REQUIREMENT: Return the listing exactly. Keep no pictures.

DATA EXCERPT:
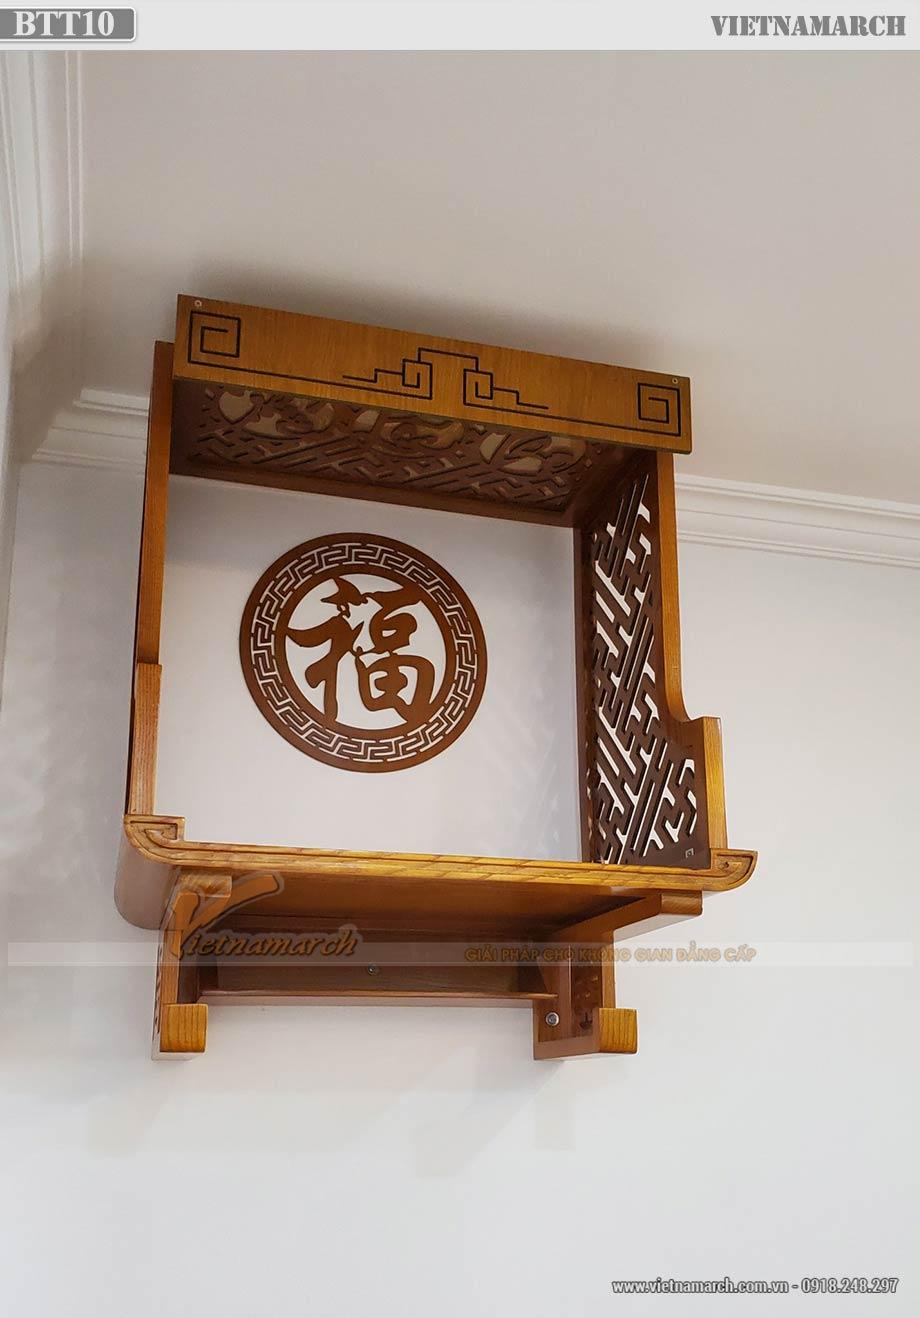 Mẫu ban thờ treo BTT10 gỗ sồi 48x69cm cho chung cư Tháp Thiên Niên Kỷ
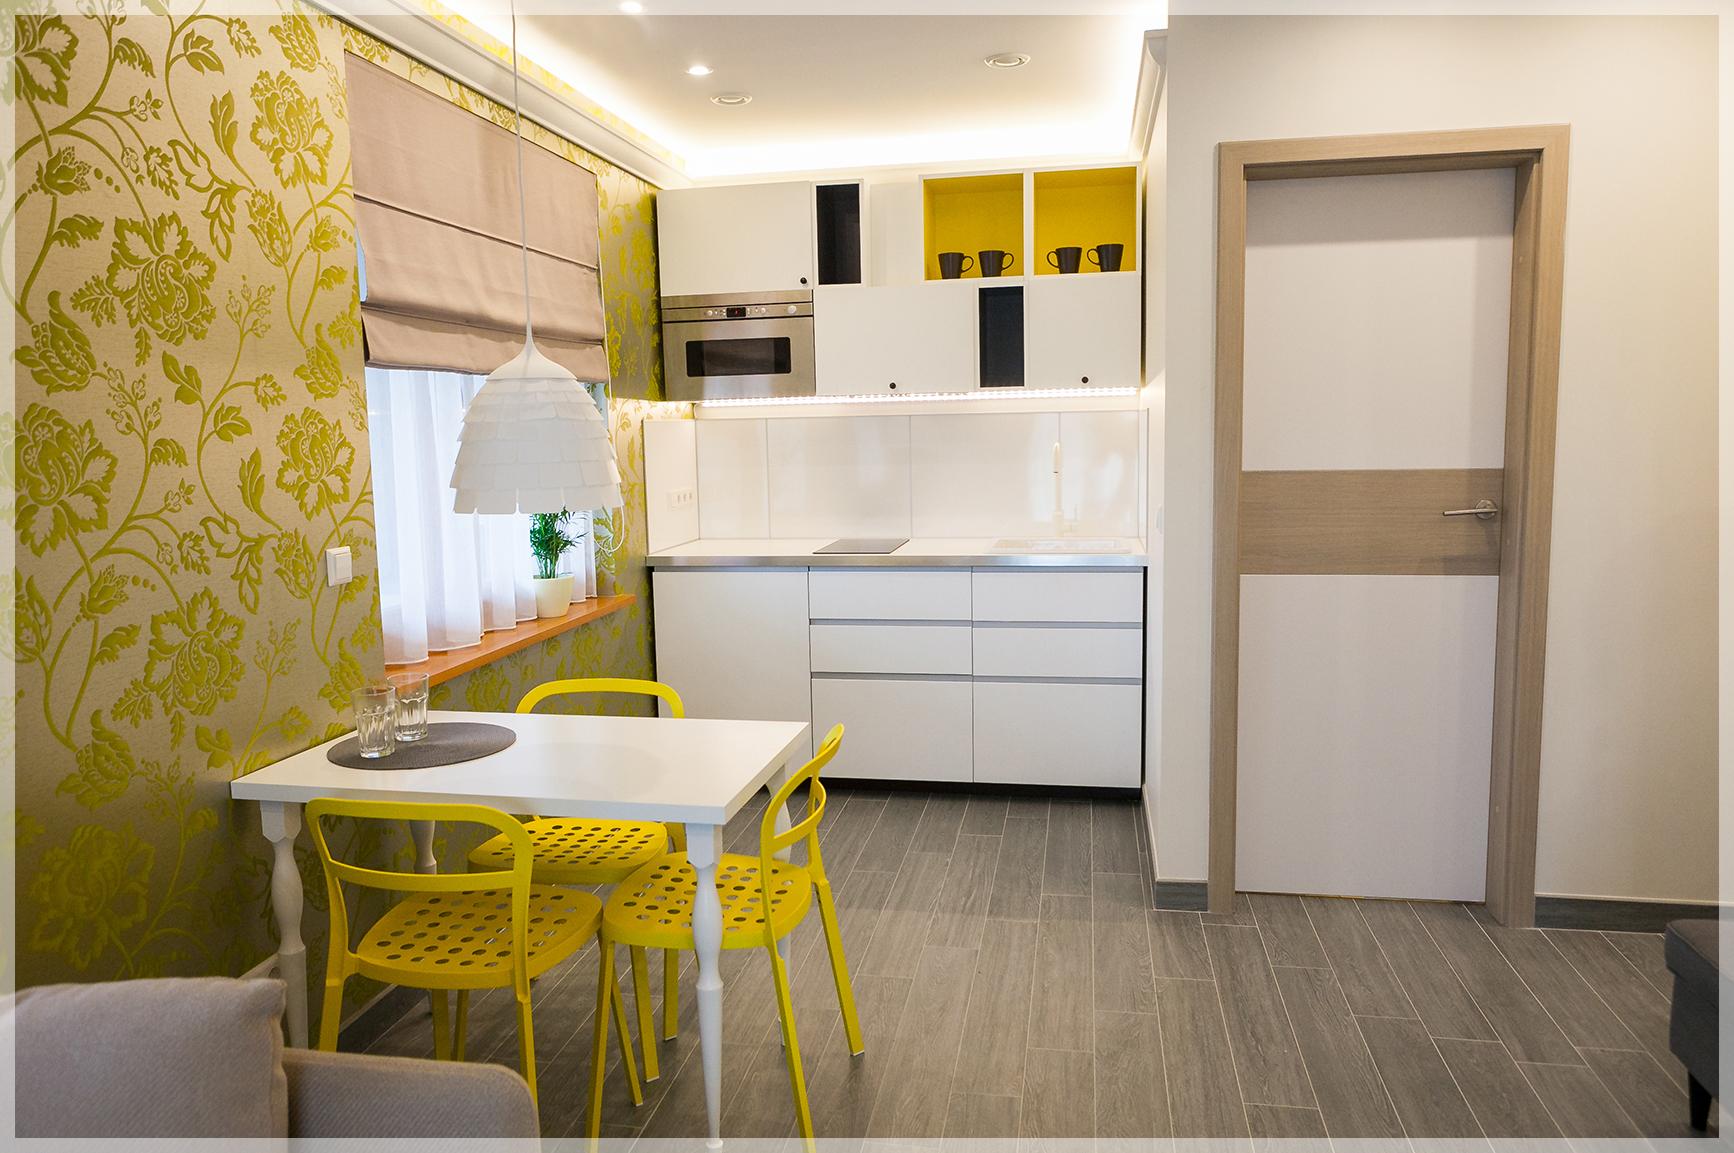 Vila_Nikolas__0002_geltonieji apartamentai
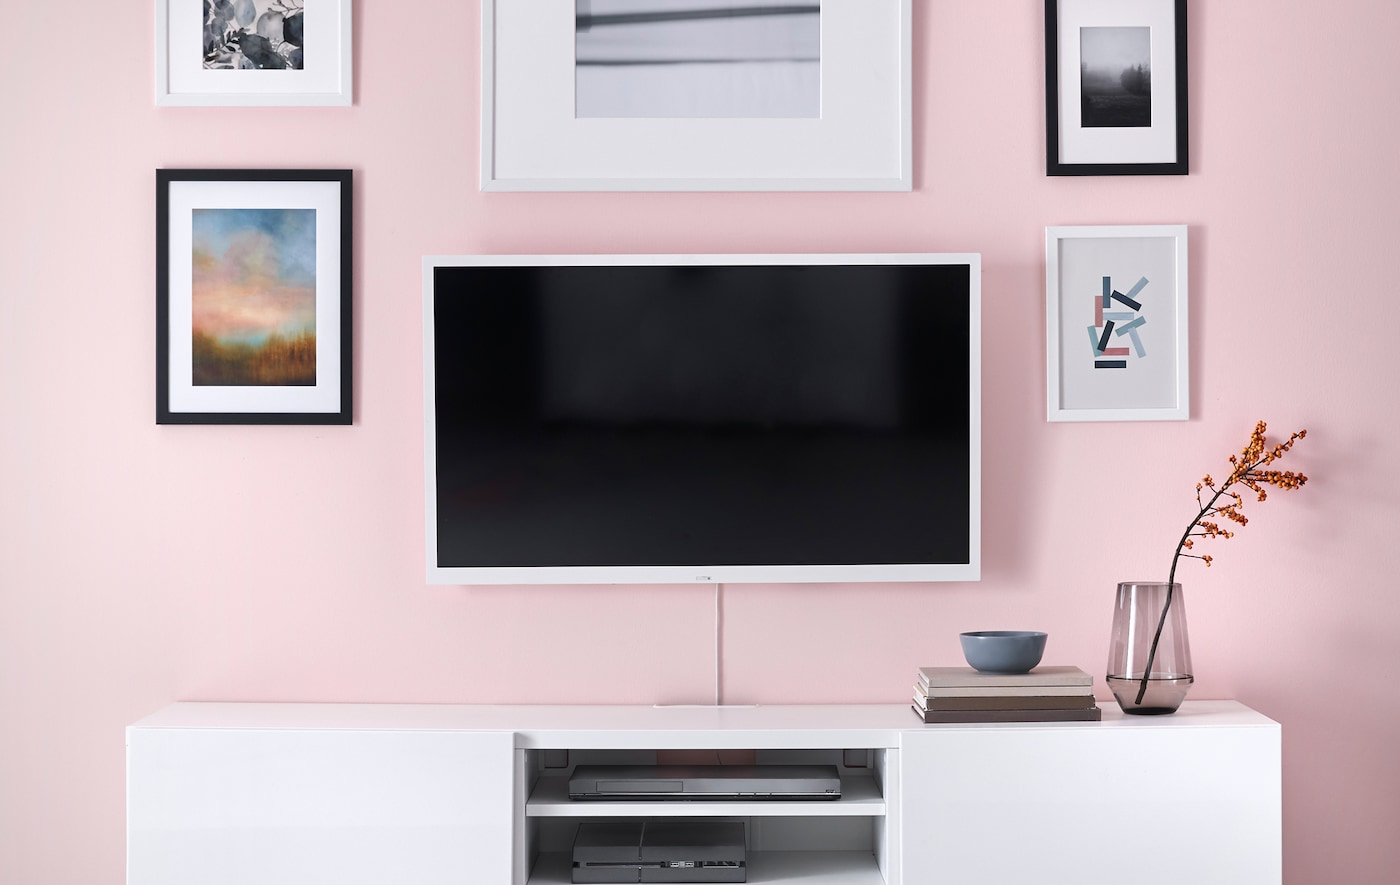 Una TV montada en una pared de salón rosa junto a obras de arte en la pared y encima de un armario blanco.

FINAL ANSWER:
 Mẫu ban thờ treo BTT10 gỗ sồi 48x69cm cho chung cư Tháp Thiên Niên Kỷ
 Vila_Nikolas__0002_geltonieji apartamentai
 Una TV montada en una pared de salón rosa junto a obras de arte en la pared y encima de un armario blanco.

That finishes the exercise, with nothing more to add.